Пан Анджей поглядел и задумался. Но на этот раз в его глазах не было ни тени печали, — напротив, они сияли радостью, как у человека, который увидел, что его заветная мечта наконец претворяется в жизнь.

В задумчивости он протянул руку к полке, взял одну из книжек, — это была переписка Коллонтая с Чацким, — и почти машинально стал листать. Из книжки выпал тонкий листочек бумаги. Пан Анджей поднял его и мельком взглянул; мелким и четким почерком на нем было написано несколько строк. Полагая, что это заметки, имеющие отношение к книге, в которую был заложен листок, пан Анджей начал читать:

«Сегодня я видел ее, она добра и прекрасна, как ангел. Ее глаза светились небесной добротой, а уста таили райское блаженство.

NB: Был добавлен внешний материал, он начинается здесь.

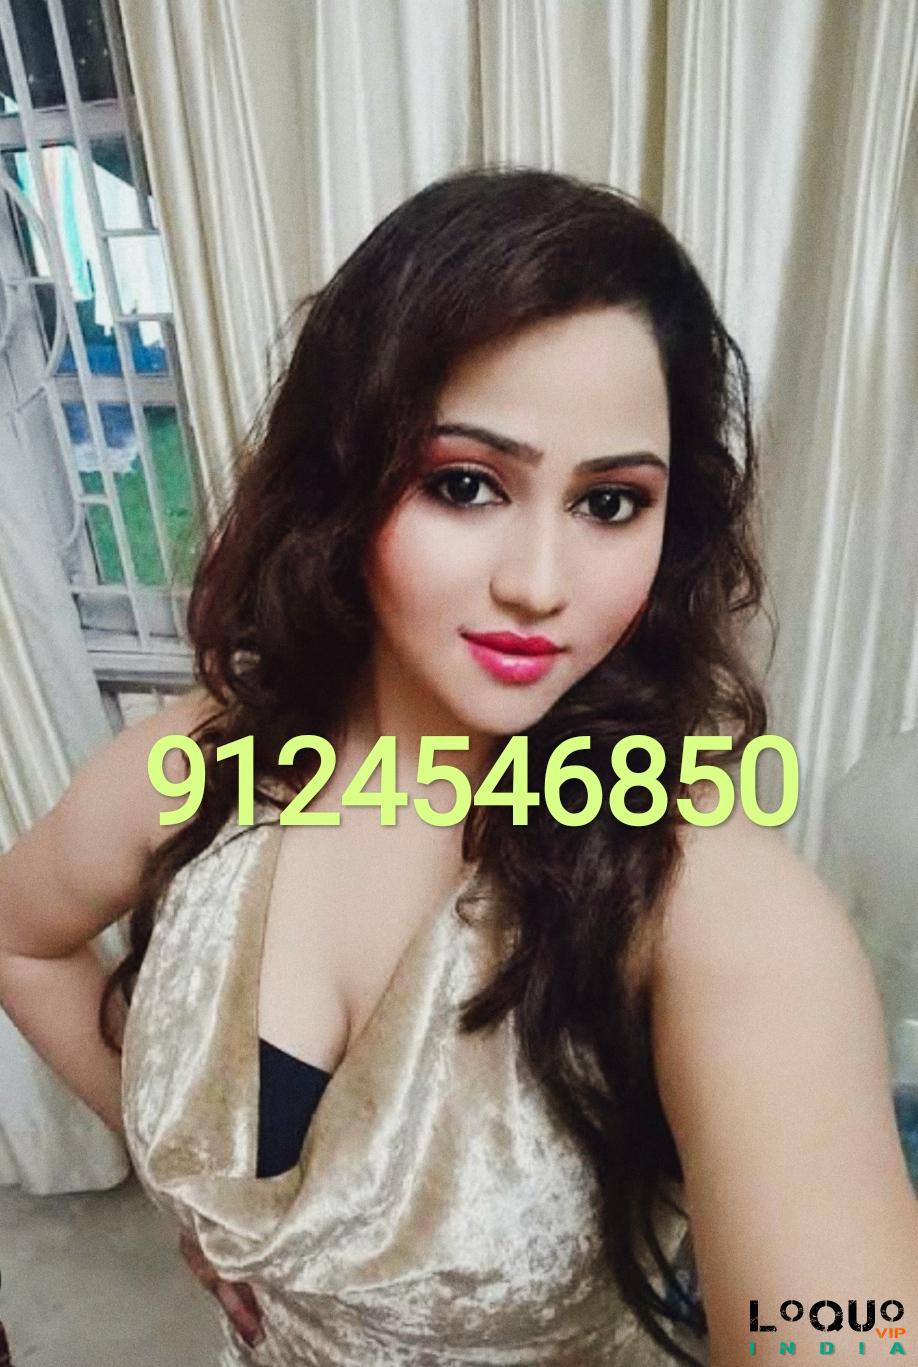 Call Girls Rajasthan: HereBEST LOW PRICE FULL NUDE VIDEO CALL SERVICE❣️9124546850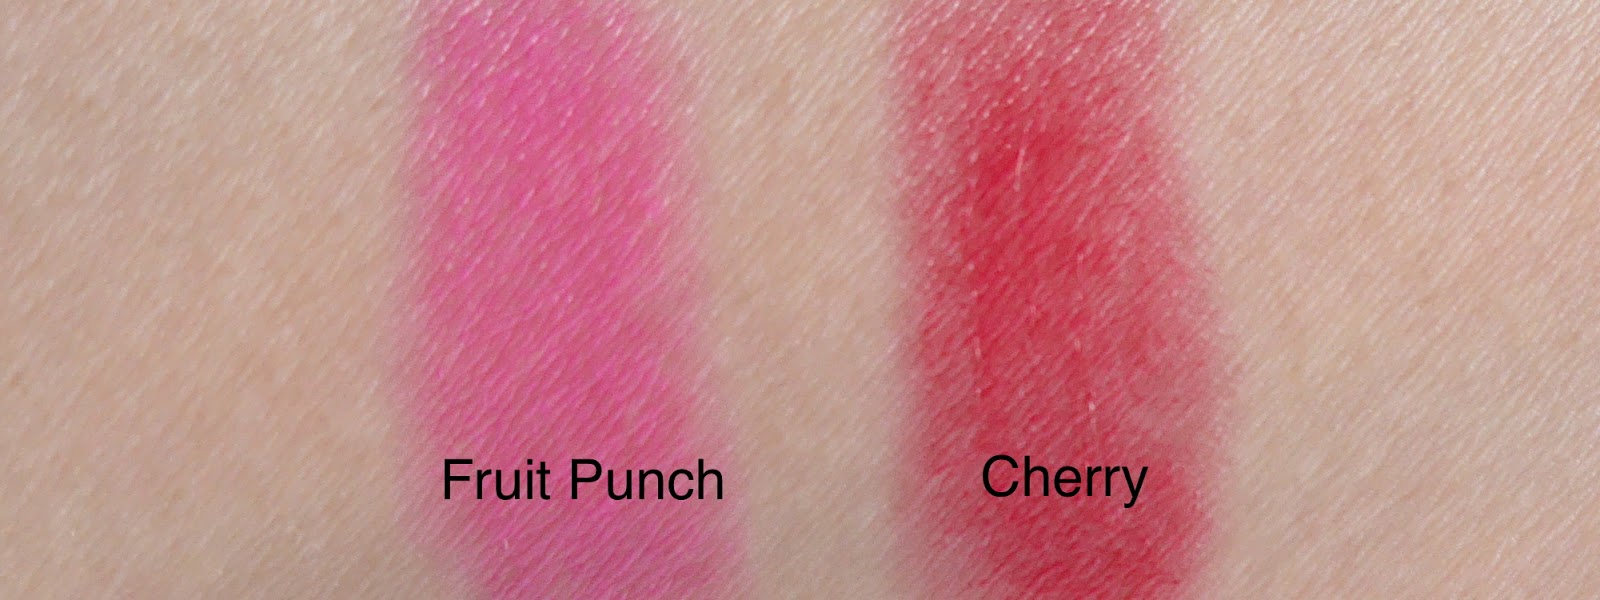 annabelle lipsies cherry fruit punch review swatch

Добрая и красивая женщина — это животворный источник, который питает мужчину счастьем и из которого он черпает силы для сурового труда.

А Она такая.

И Она будет моей!»

Пан Анджей улыбнулся и сказал себе: «Напрасно я прочитал это, но мог ли я думать, что двум ученым мужам, Коллонтаю и Чацкому, станут поверять сердечные тайны?»

Он вложил листок в книгу и поставил ее на место. В ту же минуту в комнате раздался веселый голос Болеслава:

— Я вижу, вас заинтересовала моя библиотечка? Половина ее, вот эта, главным образом, писатели прошлых веков, досталась мне от отца, остальное я сам приобрел.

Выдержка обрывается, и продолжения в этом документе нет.